Suppose we wanted to find Pythagorean triples with sides between 1 and 29, inclusive.

First we create a new CSP called triples, using make-csp:

> (require csp)
> (define triples (make-csp))

We use CSP variables to represent the values in the triple. We insert each one with add-var!, where each variable has a symbol for its name and a list of values for its domain:

> (add-var! triples 'a (range 1 30))
> (add-var! triples 'b (range 1 30))
> (add-var! triples 'c (range 1 30))

Then we need our constraint. We make a function called valid-triple? that tests three values to see if they qualify as a Pythagorean triple. Then we insert this function as a constraint using add-constraint!, passing as arguments 1) the function we want to use for the constraint, and 2) a list of variable names that the constraint applies to.

> (define (valid-triple? x y z)
(= (expt z 2) (+ (expt x 2) (expt y 2))))
> (add-constraint! triples valid-triple? '(a b c))

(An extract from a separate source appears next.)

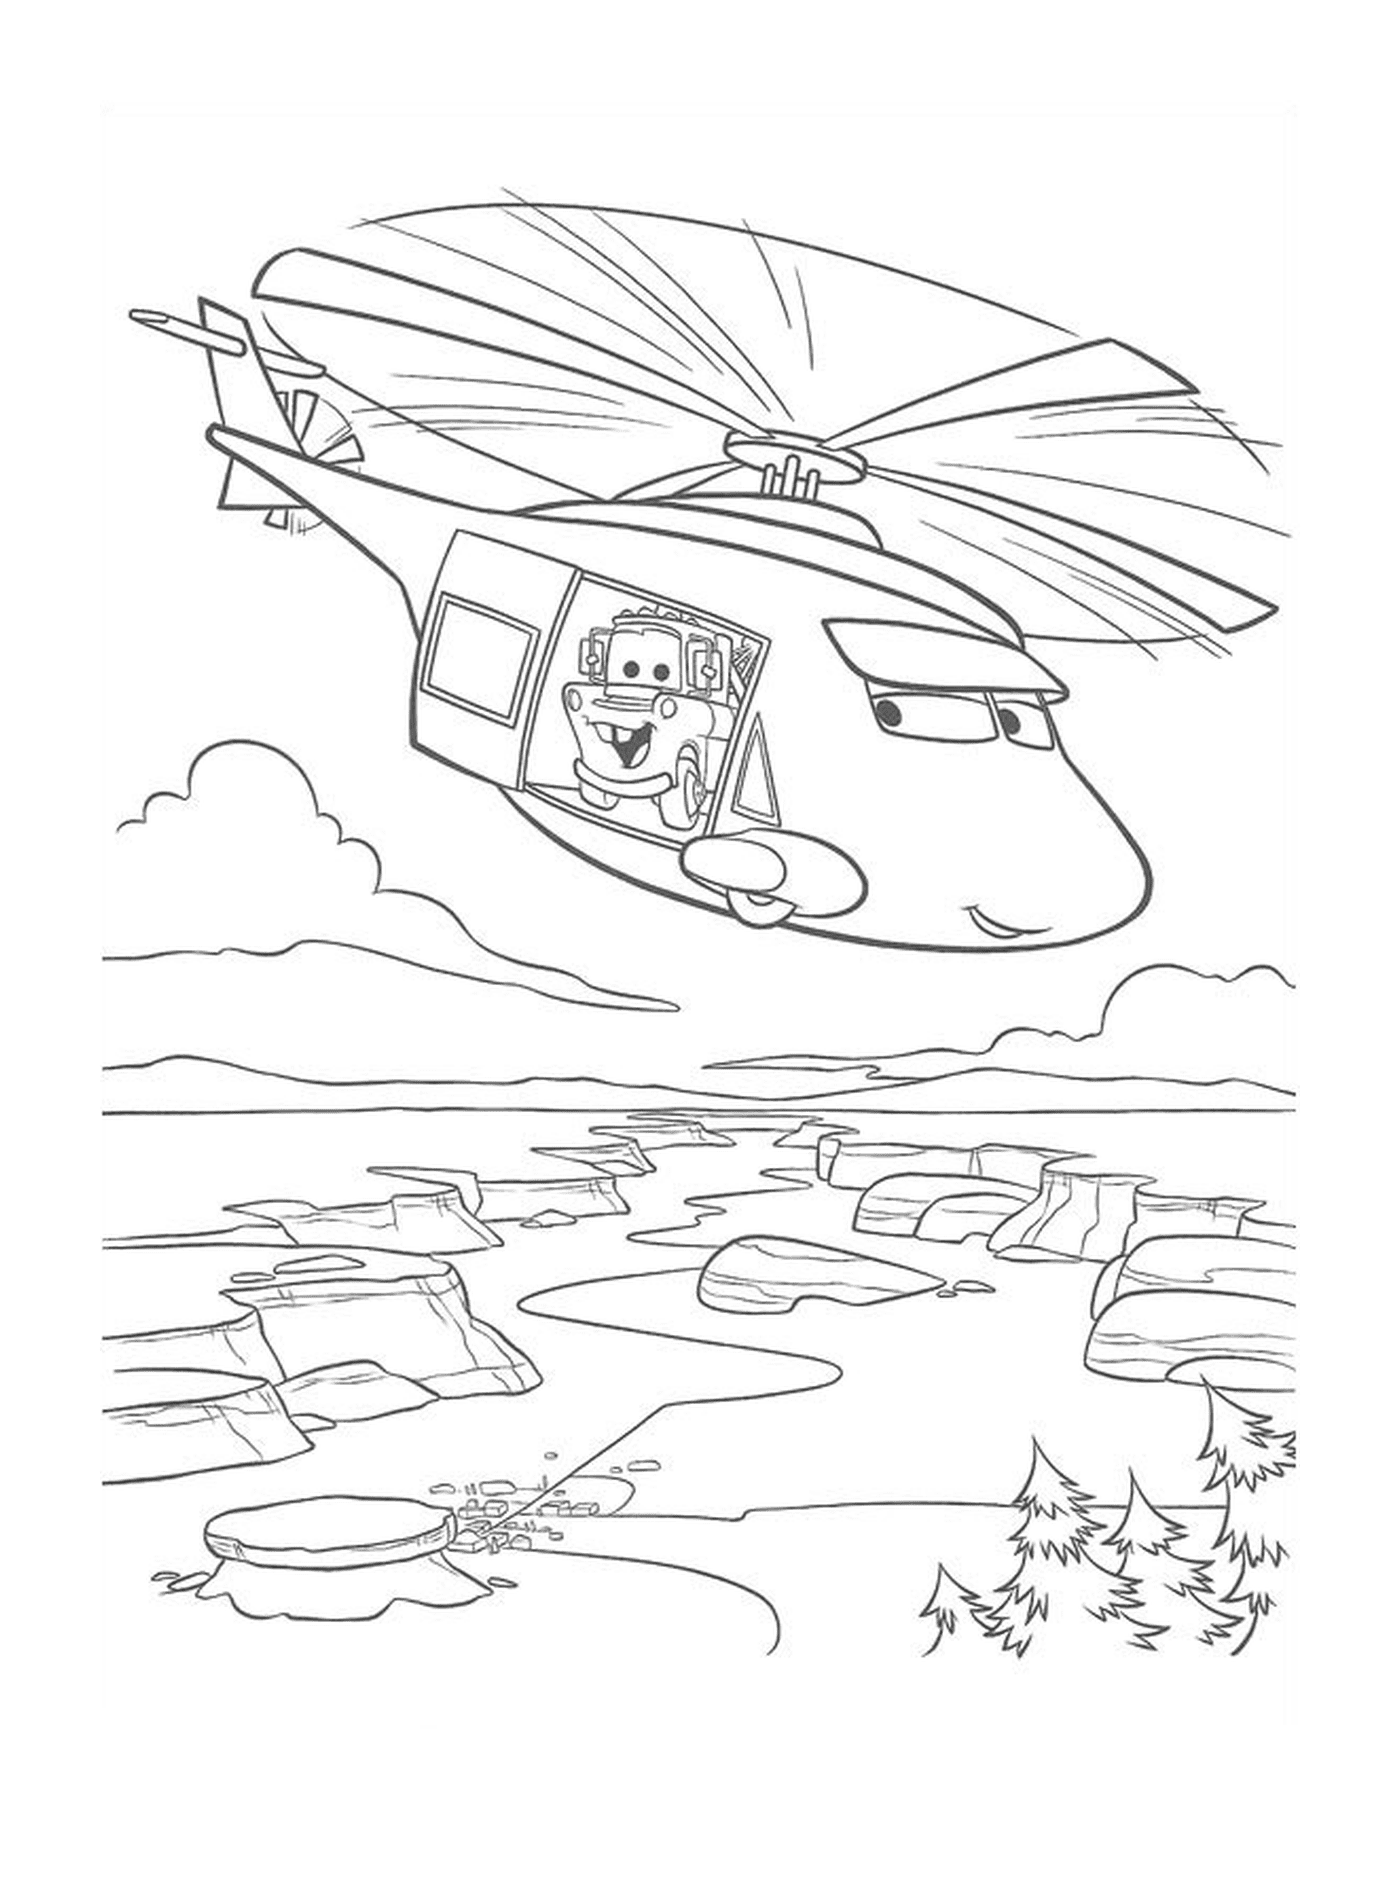  Torre de helicóptero con Flash McQueen 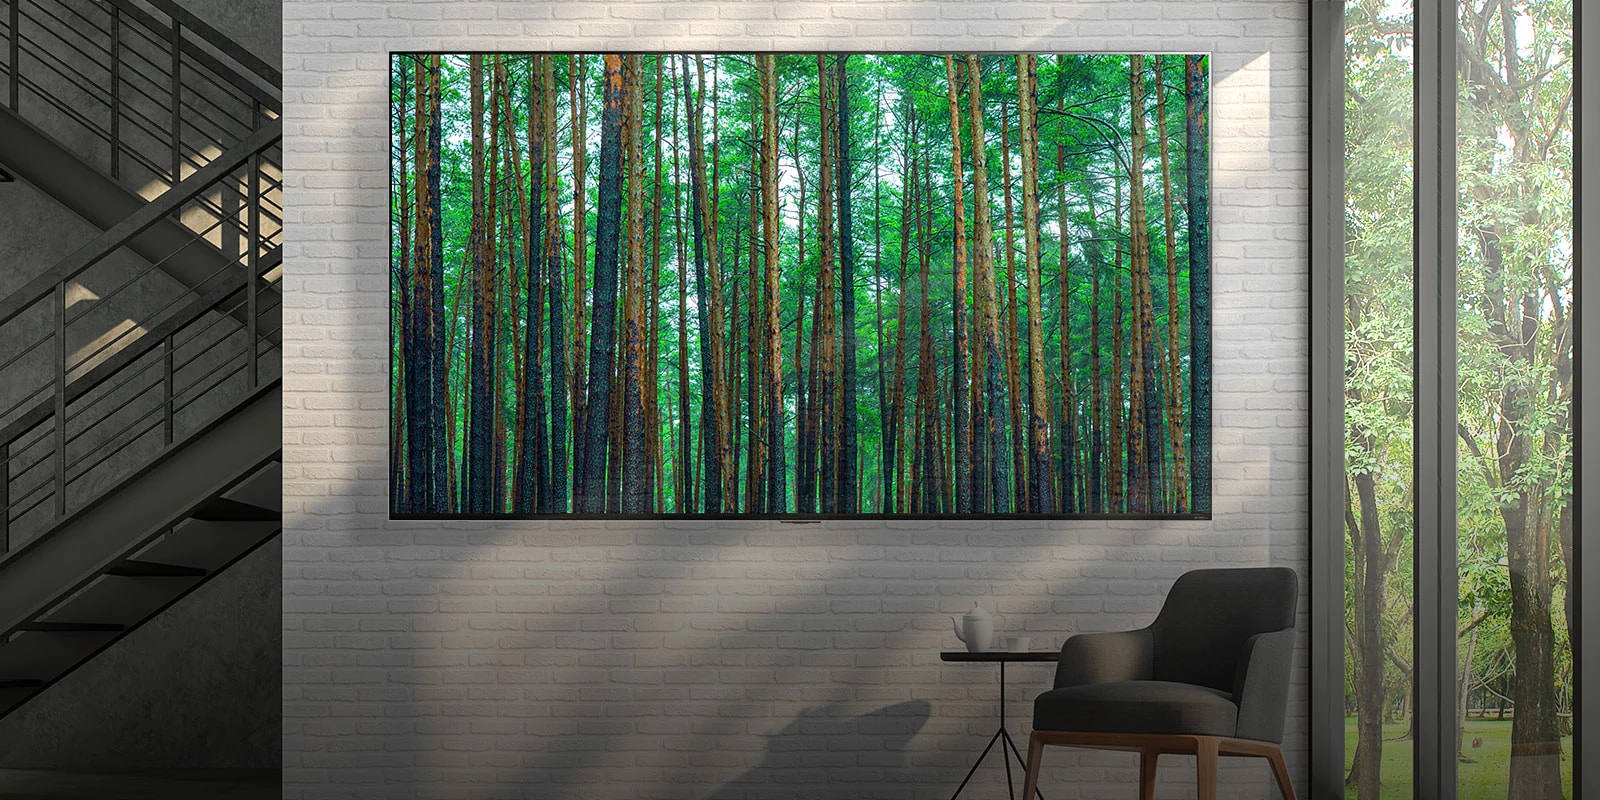 تلفزيون QNED MIni LED من إل جي كبير الحجم مثبت على جدار من الطوب الأبيض مع كرسي صغير بذراعين وطاولة في المقدمة. شاشة تعرض مشهدا لإحدى الغابات.

Notice that the argument names used within the constraint function (x y z) have nothing to do with the CSP variable names that are passed to the function '(a b c). This makes sense — we might want constraints that apply the same function to different groups of CSP variables. What’s important is that the arity of the constraint function matches the number of variable names, and that the variable names are ordered correctly (the first variable will become the first argument to the constraint function, and so on).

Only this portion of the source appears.